Task statement
Pictures aside, write out the data exactly as it reads.

Dataset extract
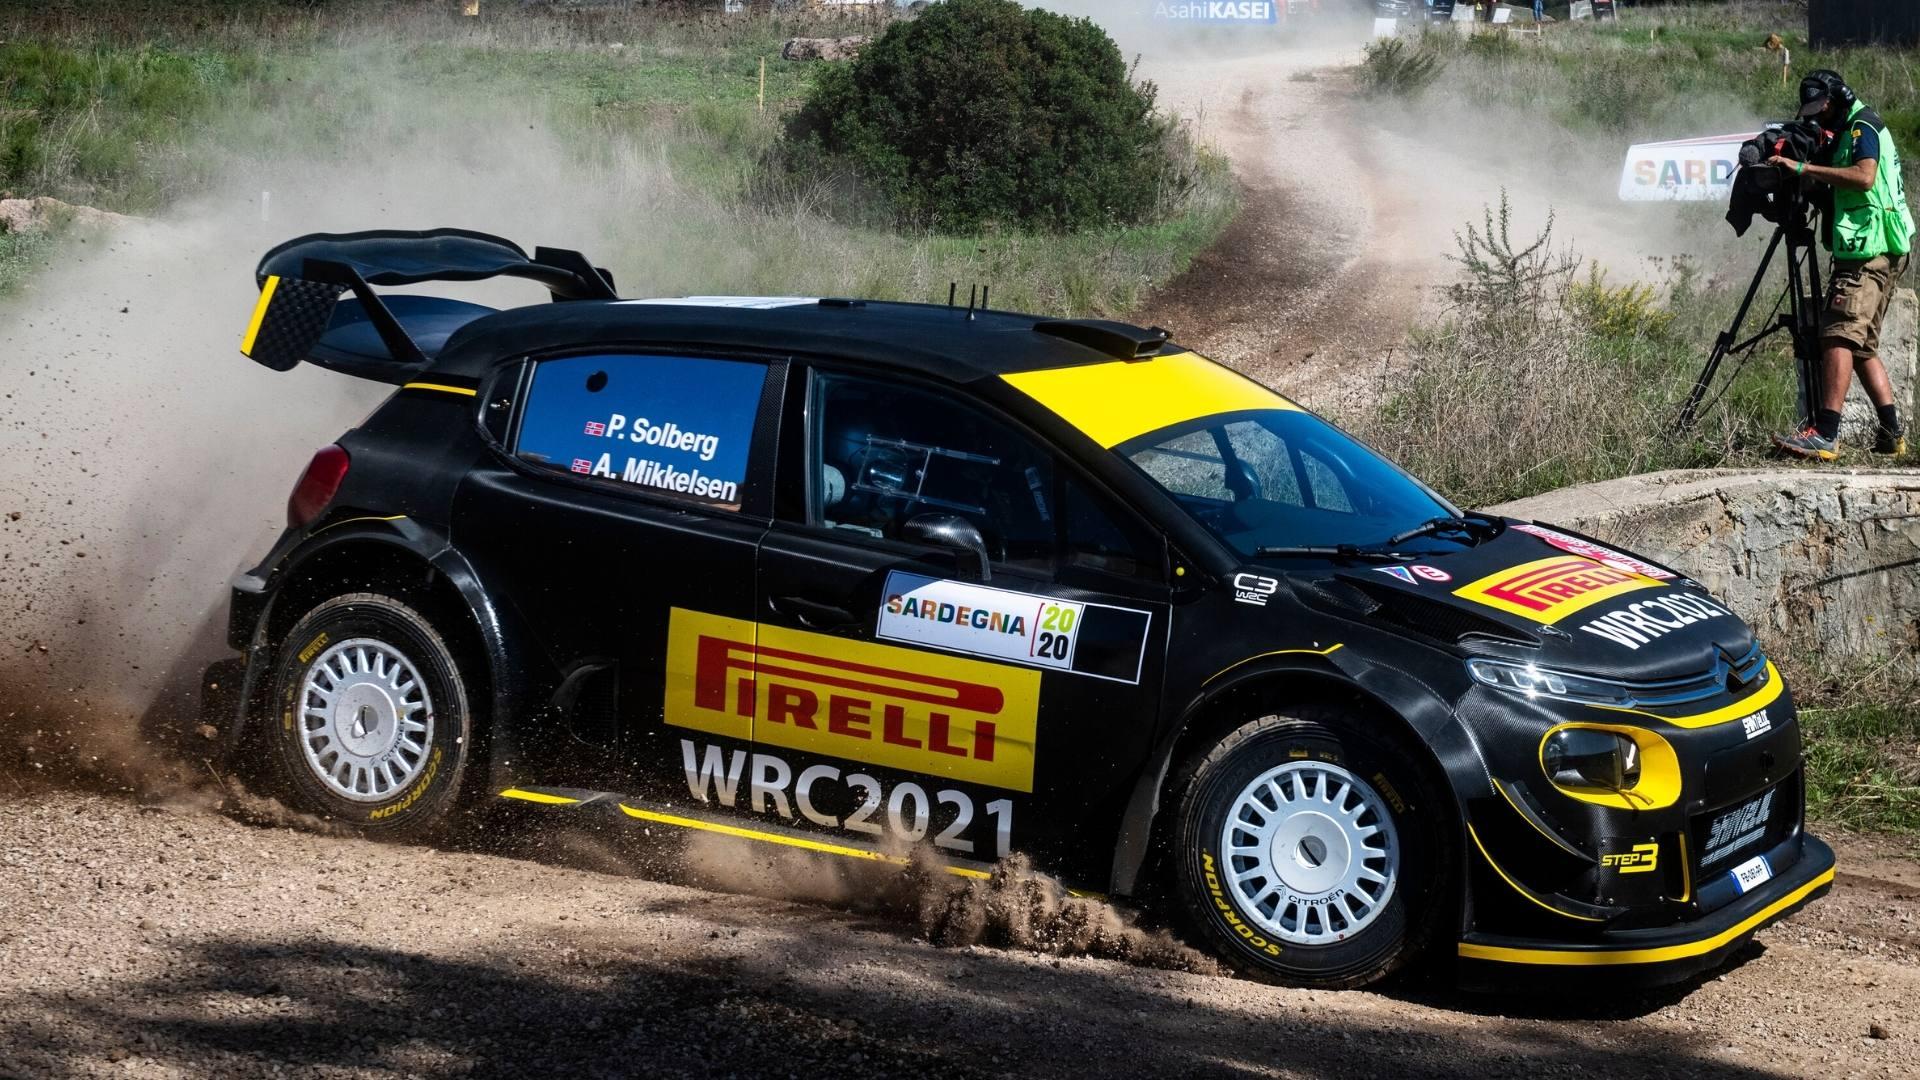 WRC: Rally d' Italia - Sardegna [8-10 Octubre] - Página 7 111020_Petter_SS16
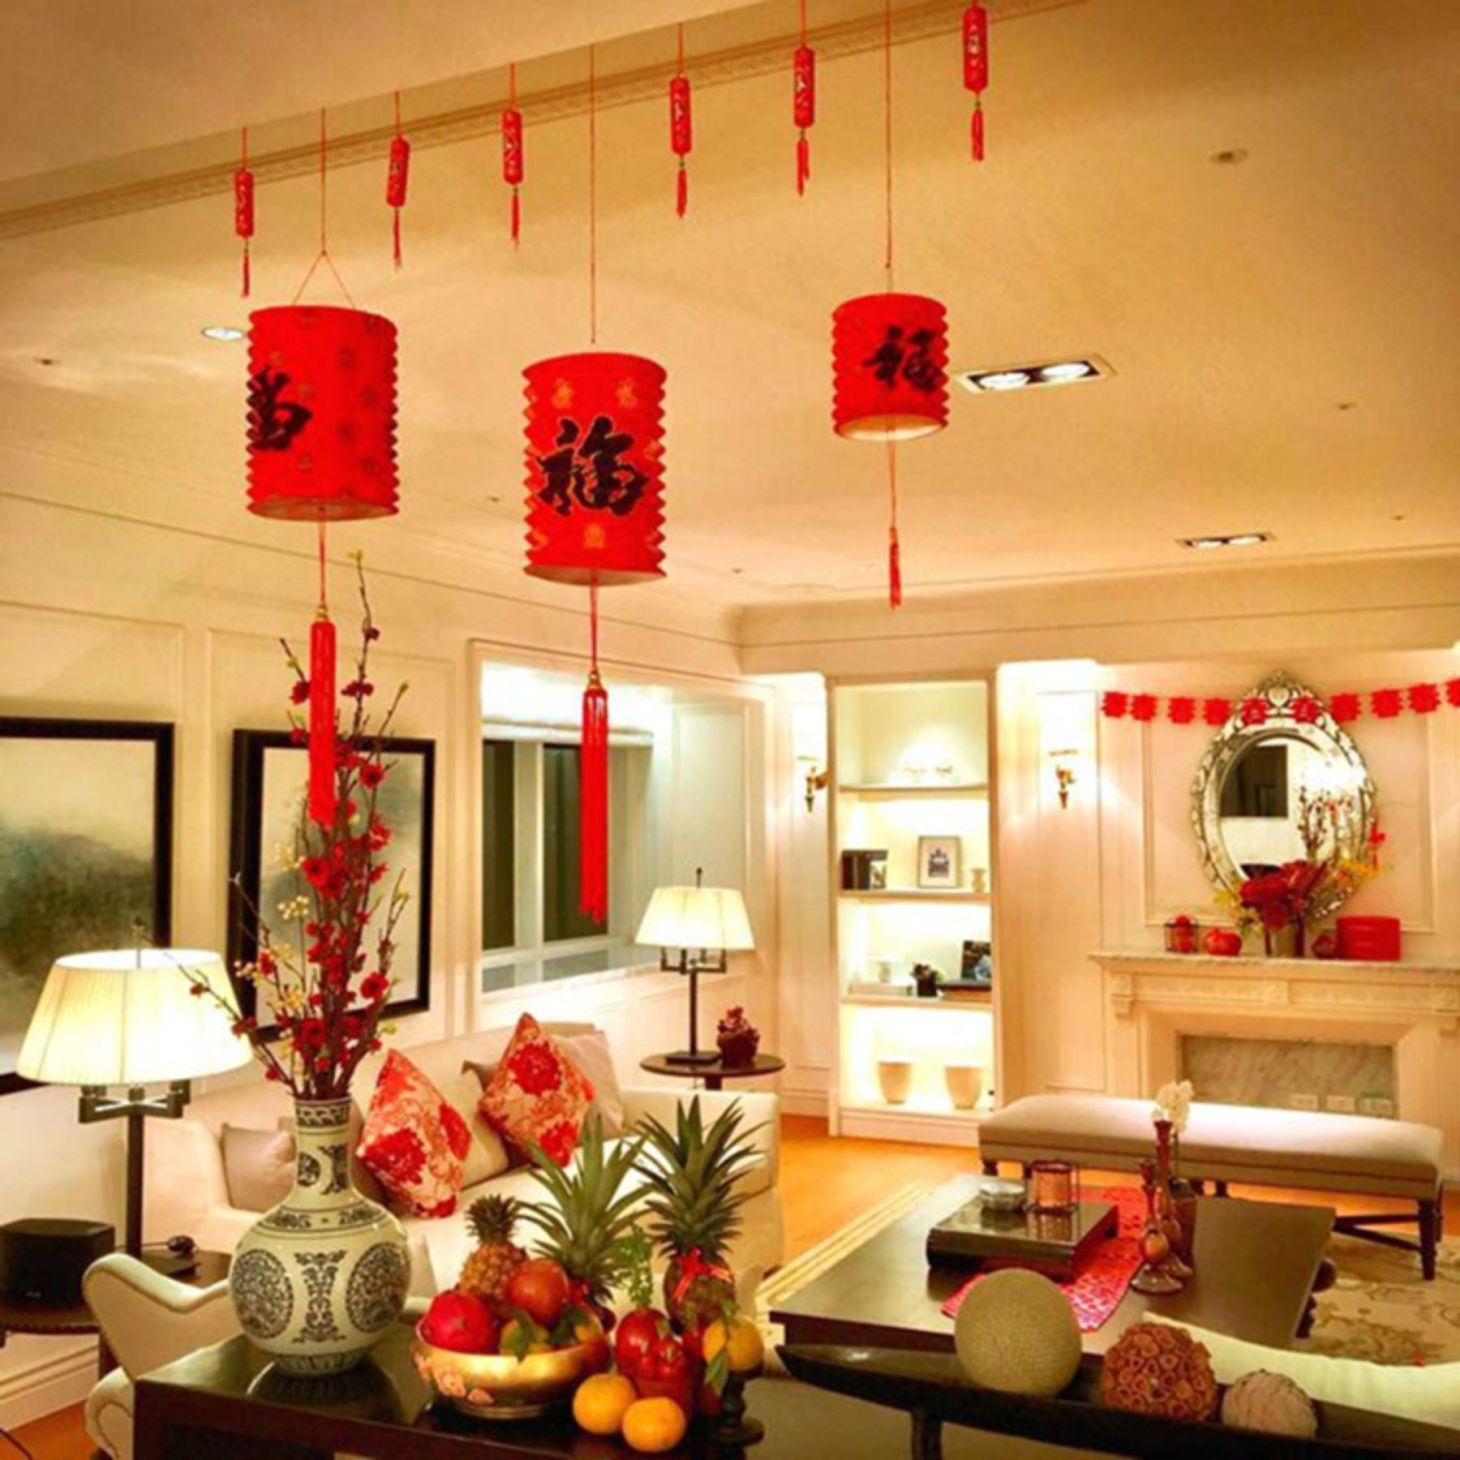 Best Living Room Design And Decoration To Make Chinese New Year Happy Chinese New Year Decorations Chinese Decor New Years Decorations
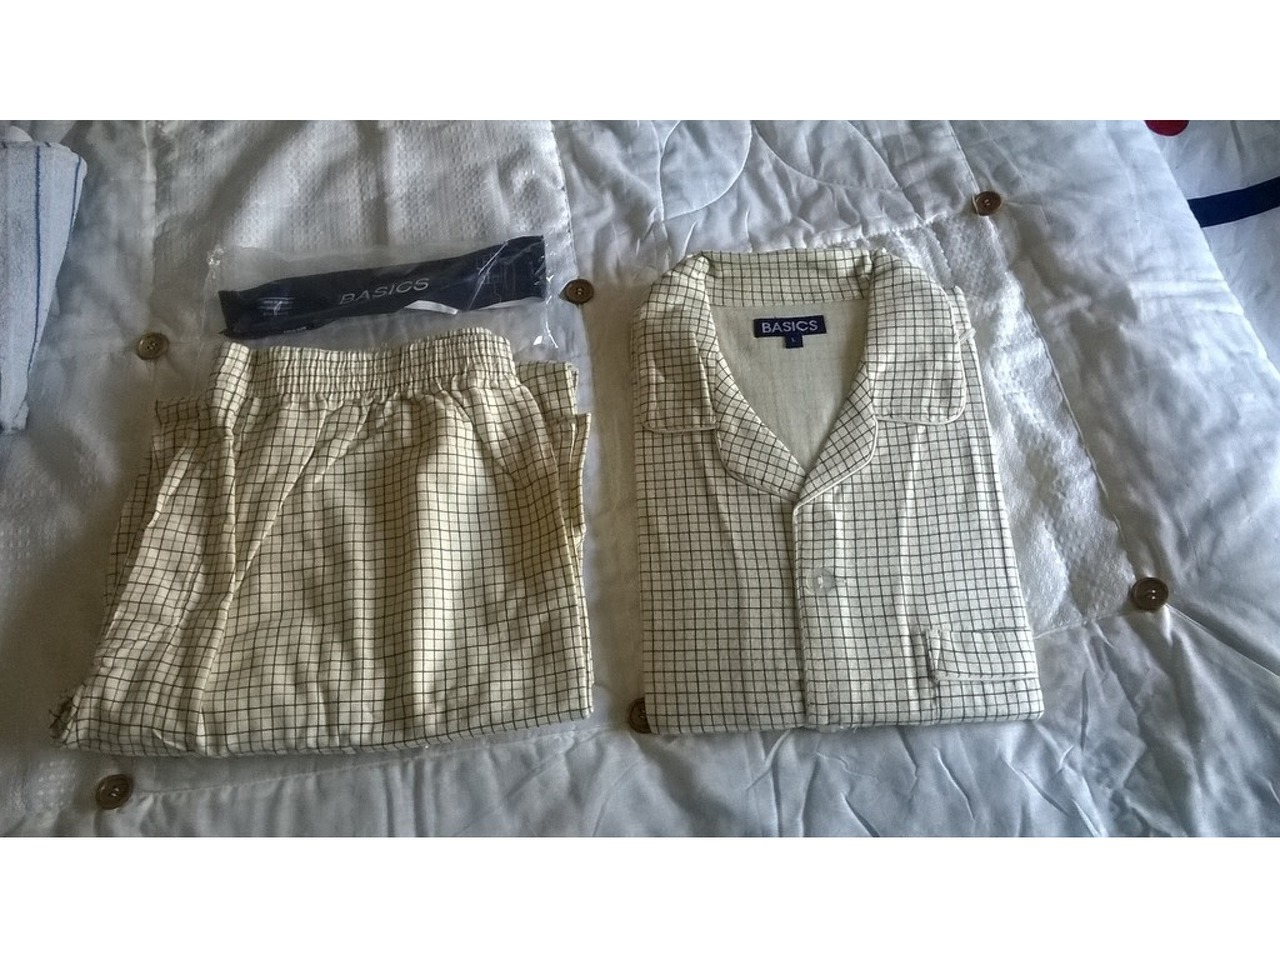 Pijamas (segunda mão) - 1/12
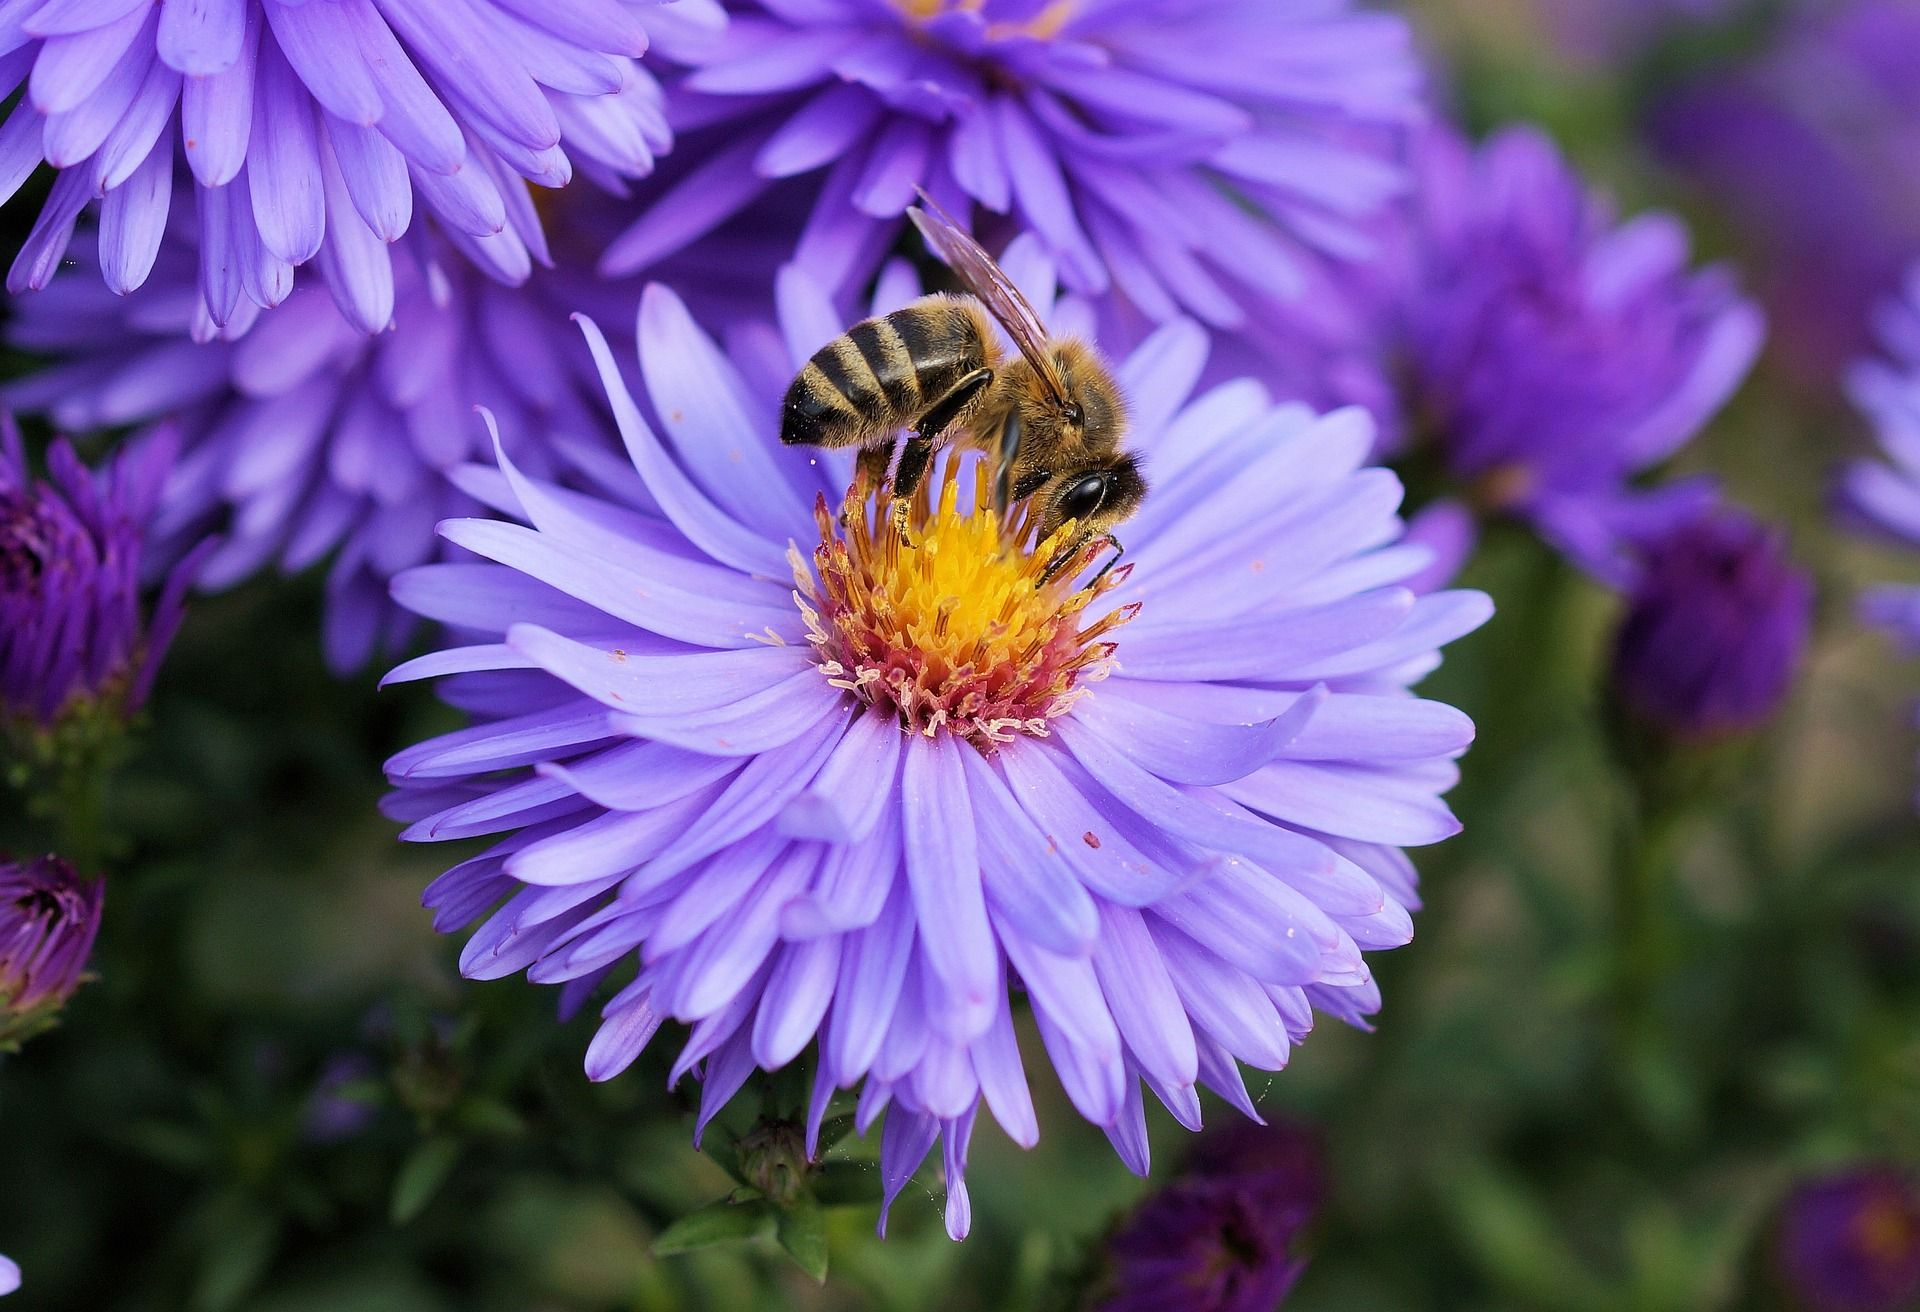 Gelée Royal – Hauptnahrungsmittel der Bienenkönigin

Response to the exercise
 WRC: Rally d' Italia - Sardegna [8-10 Octubre] - Página 7 111020_Petter_SS16
 Best Living Room Design And Decoration To Make Chinese New Year Happy Chinese New Year Decorations Chinese Decor New Years Decorations
 Pijamas (segunda mão) - 1/12
 Gelée Royal – Hauptnahrungsmittel der Bienenkönigin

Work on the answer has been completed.